◆ Exercise aim ◆
In the material below, find the line containing "Wykaz aktualnie ważnych" and the line containing "Irma-indkøbskurv med vegetariske". Output those two lines and all lines between them exactly, without pictures.

◆ Source data ◆
((
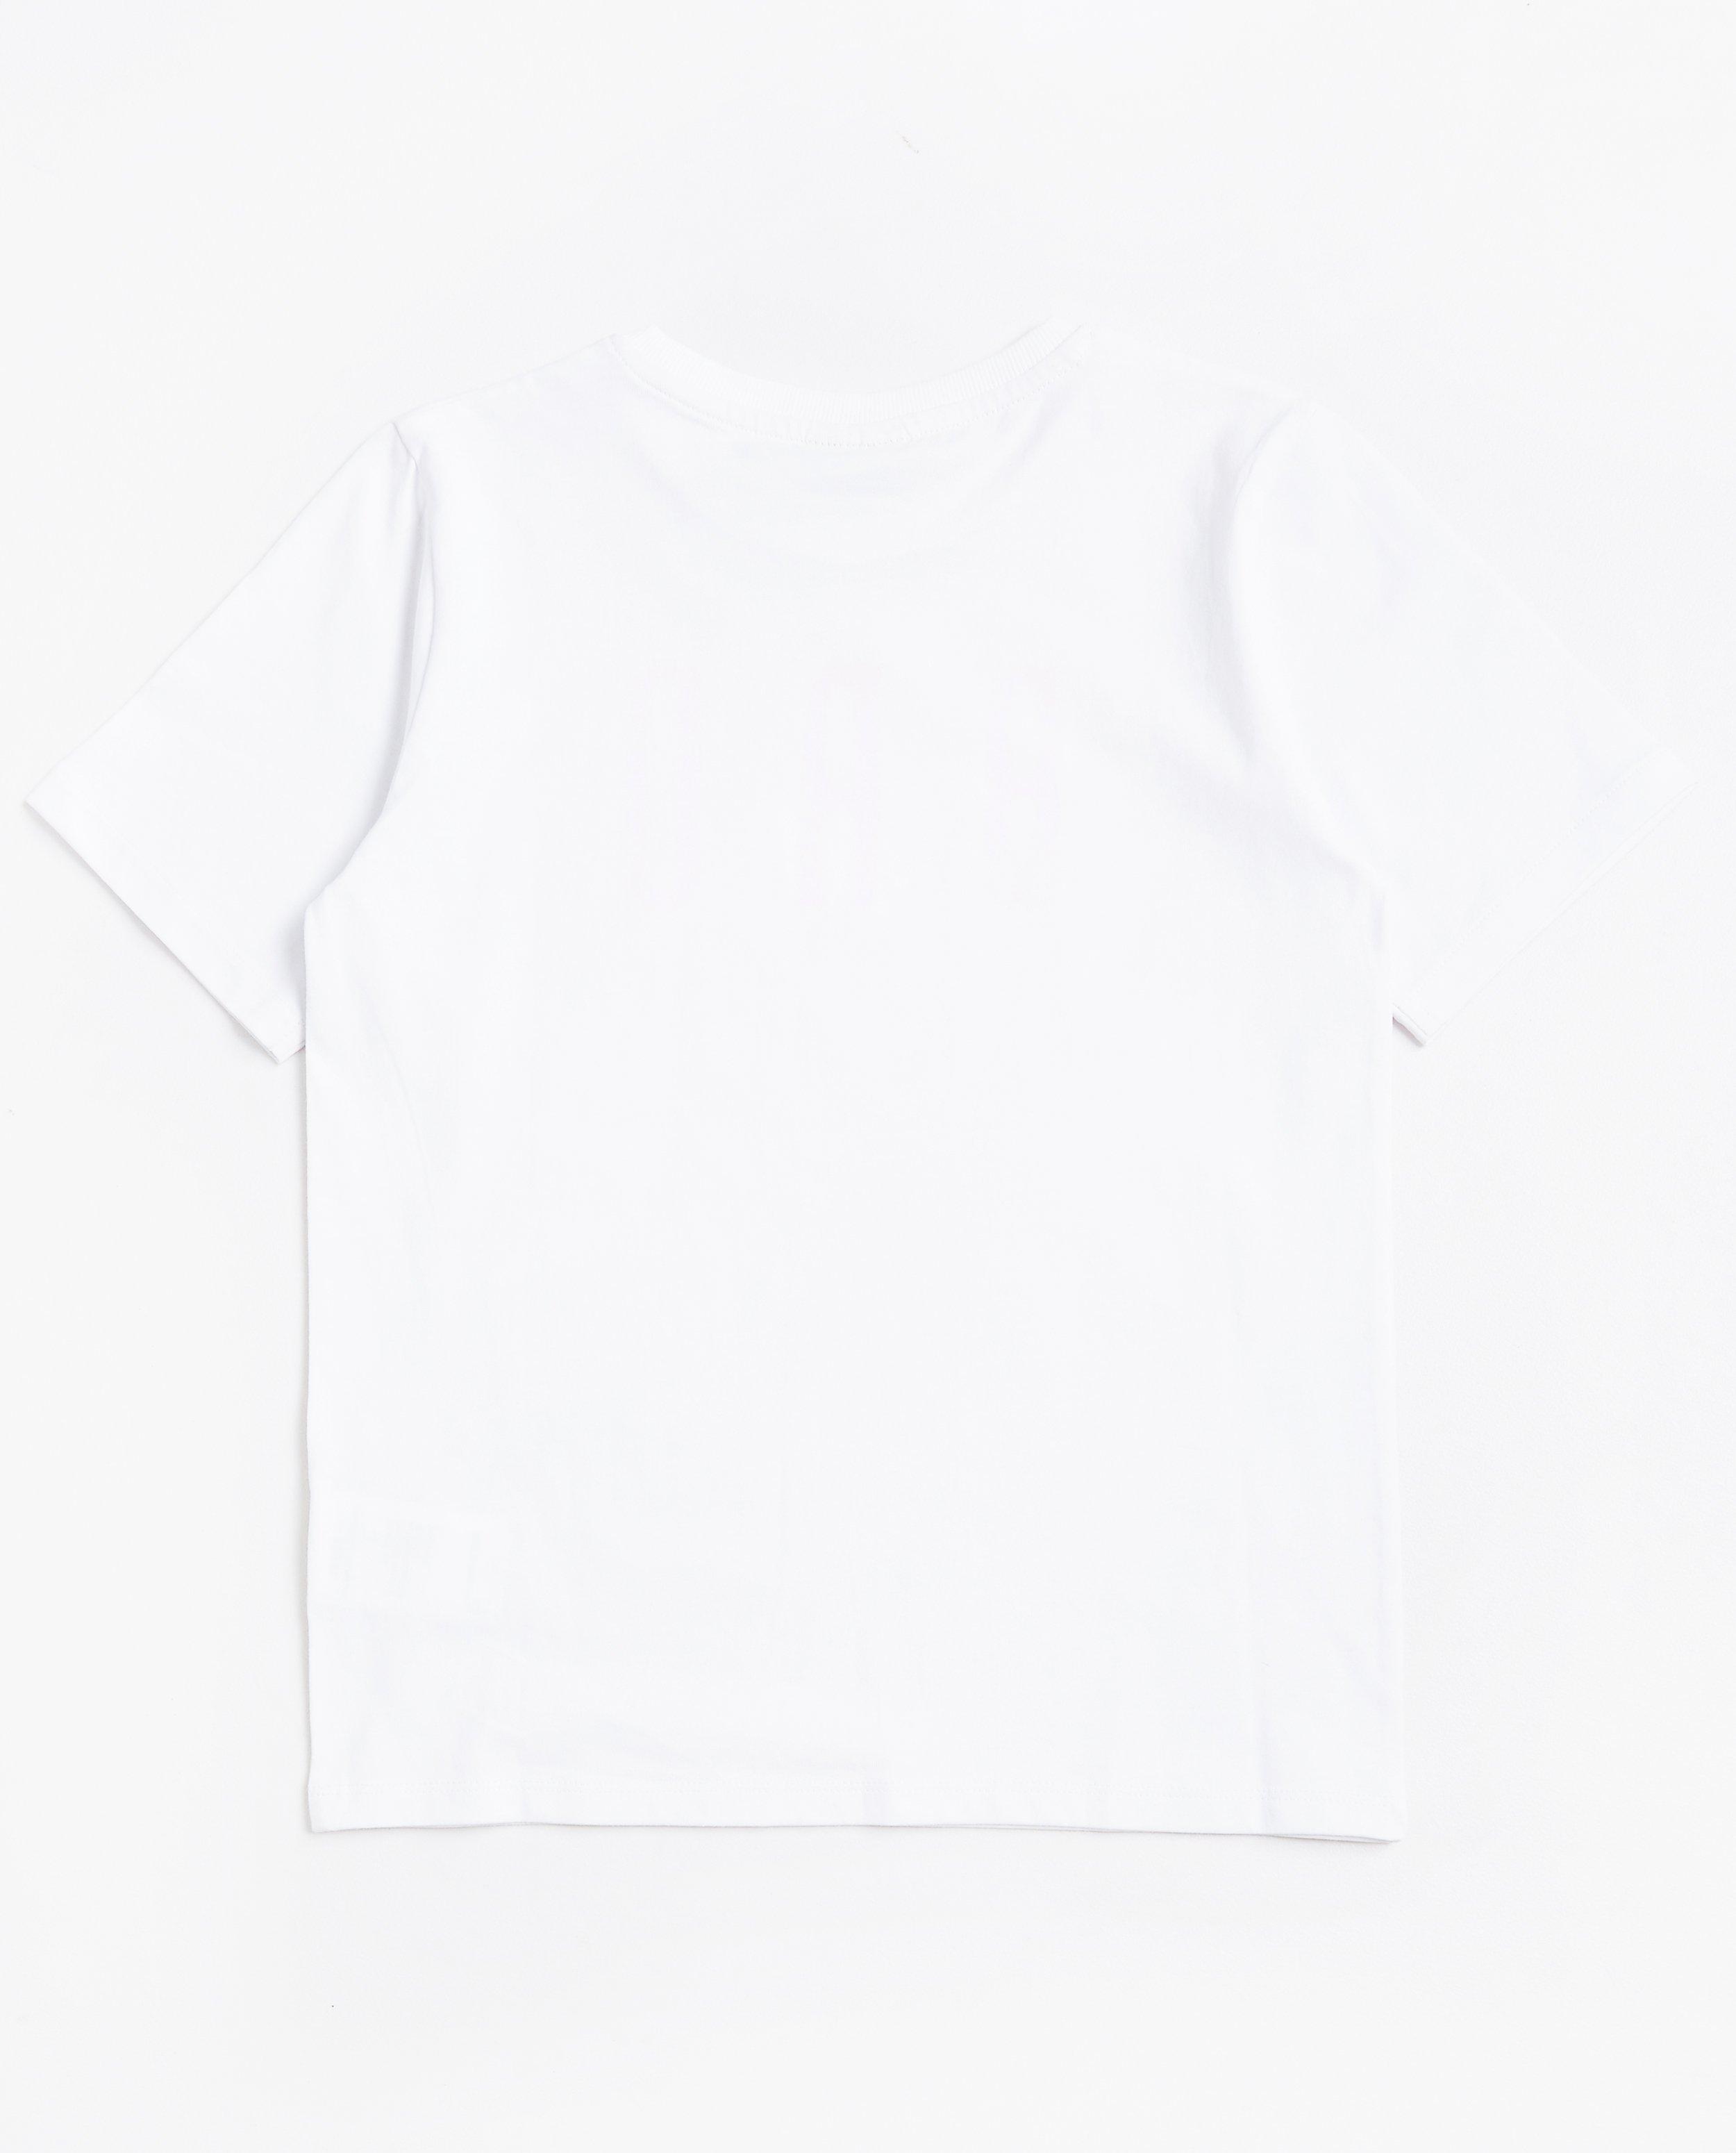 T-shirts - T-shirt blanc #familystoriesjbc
))
((
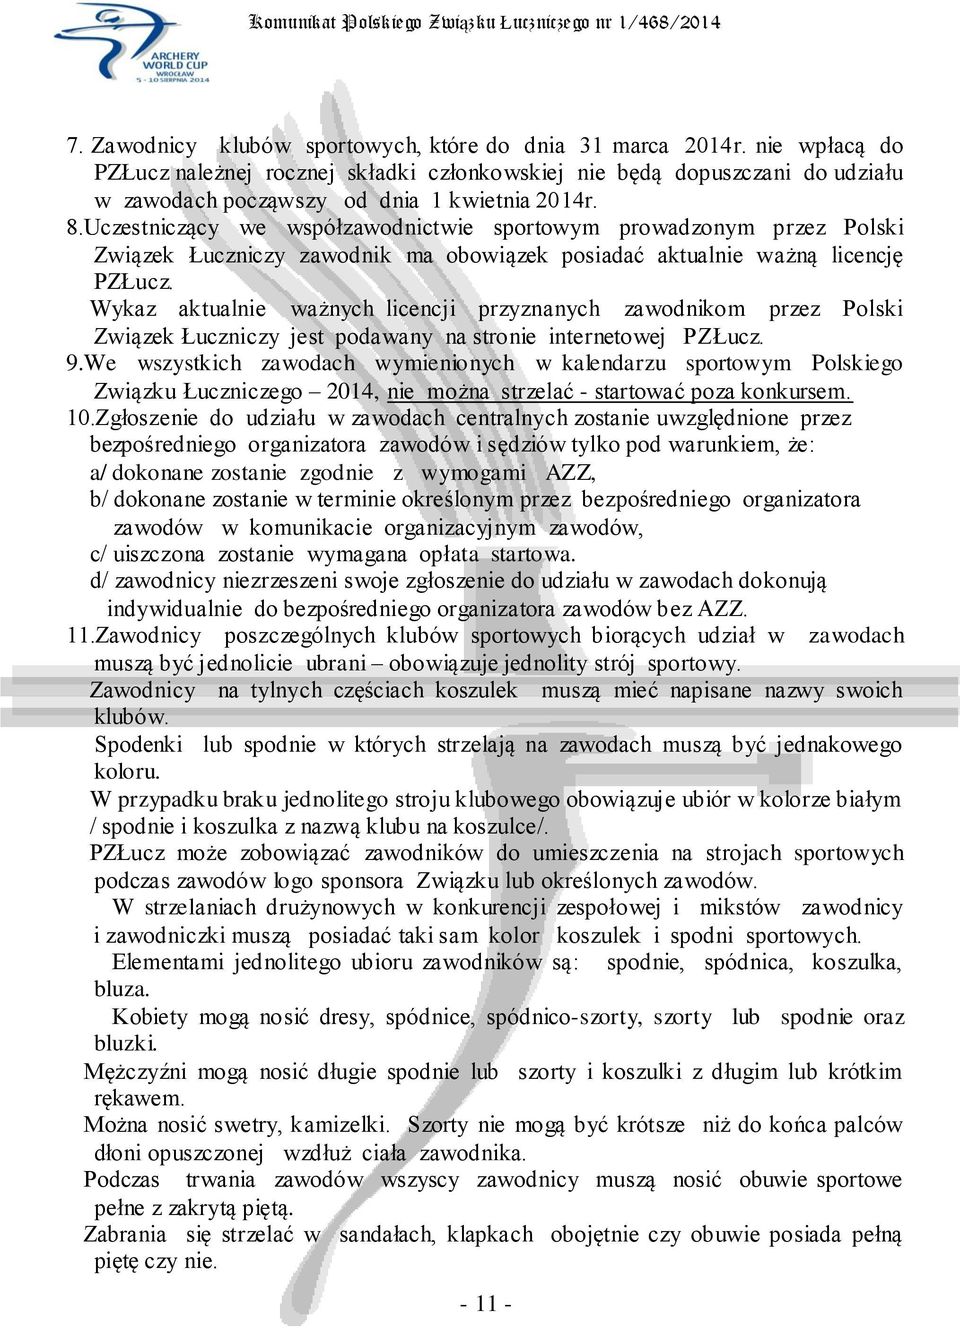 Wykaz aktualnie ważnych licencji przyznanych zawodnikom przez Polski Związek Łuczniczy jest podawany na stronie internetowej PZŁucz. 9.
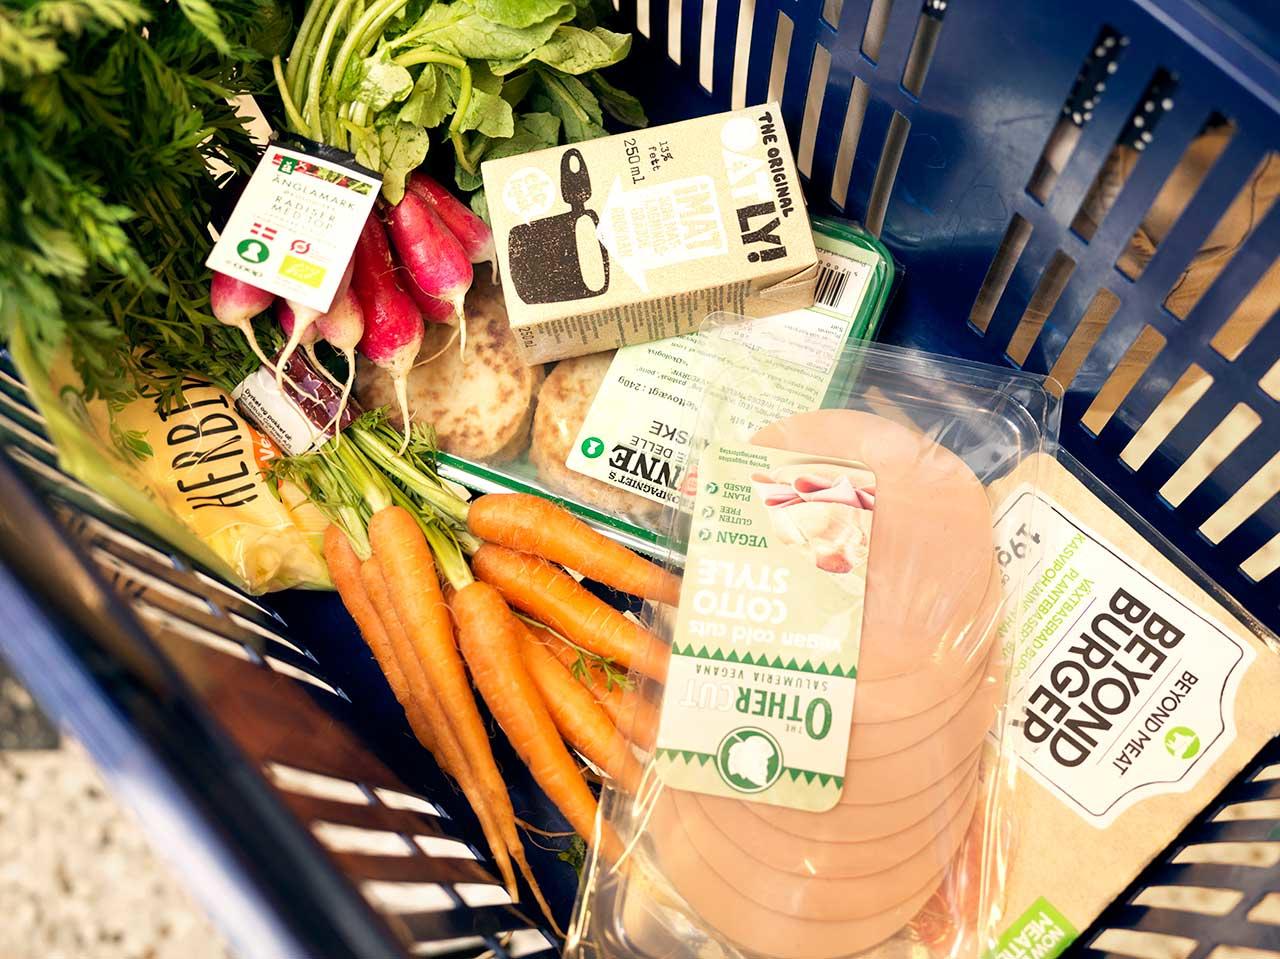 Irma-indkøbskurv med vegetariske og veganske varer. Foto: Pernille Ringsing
))
((
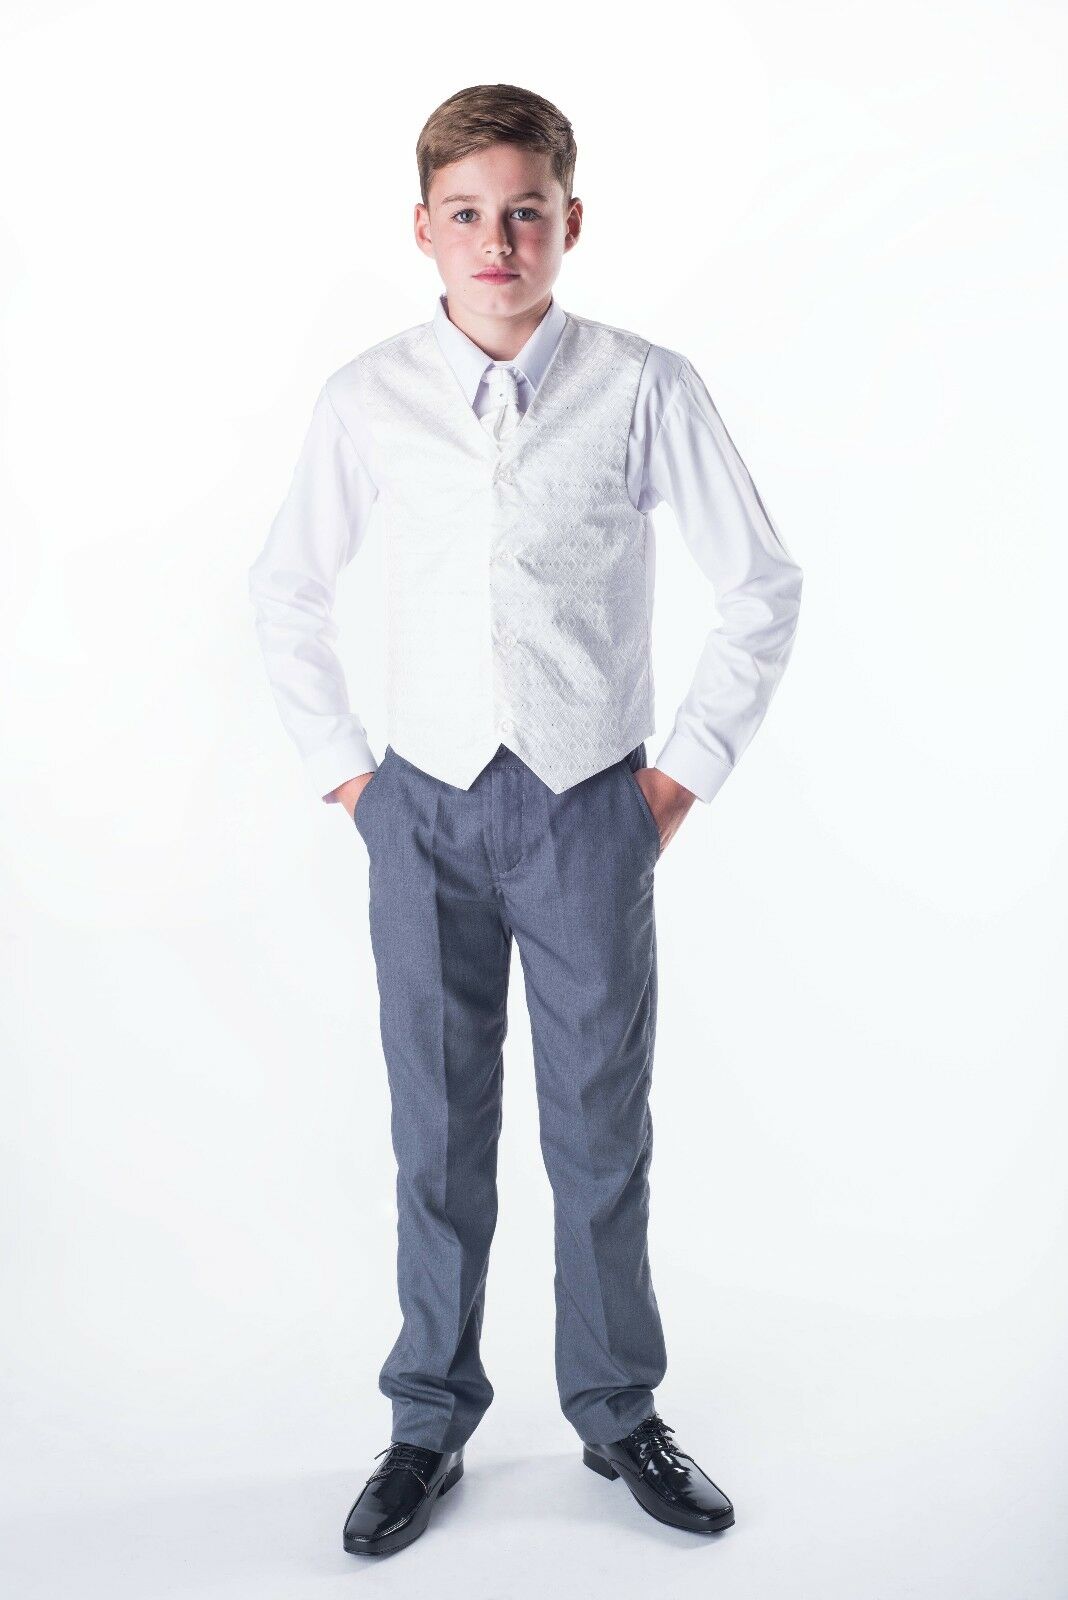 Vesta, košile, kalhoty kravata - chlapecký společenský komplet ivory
))
◆ Written response ◆
 Wykaz aktualnie ważnych licencji przyznanych zawodnikom przez Polski Związek Łuczniczy jest podawany na stronie internetowej PZŁucz. 9.
 Irma-indkøbskurv med vegetariske og veganske varer. Foto: Pernille Ringsing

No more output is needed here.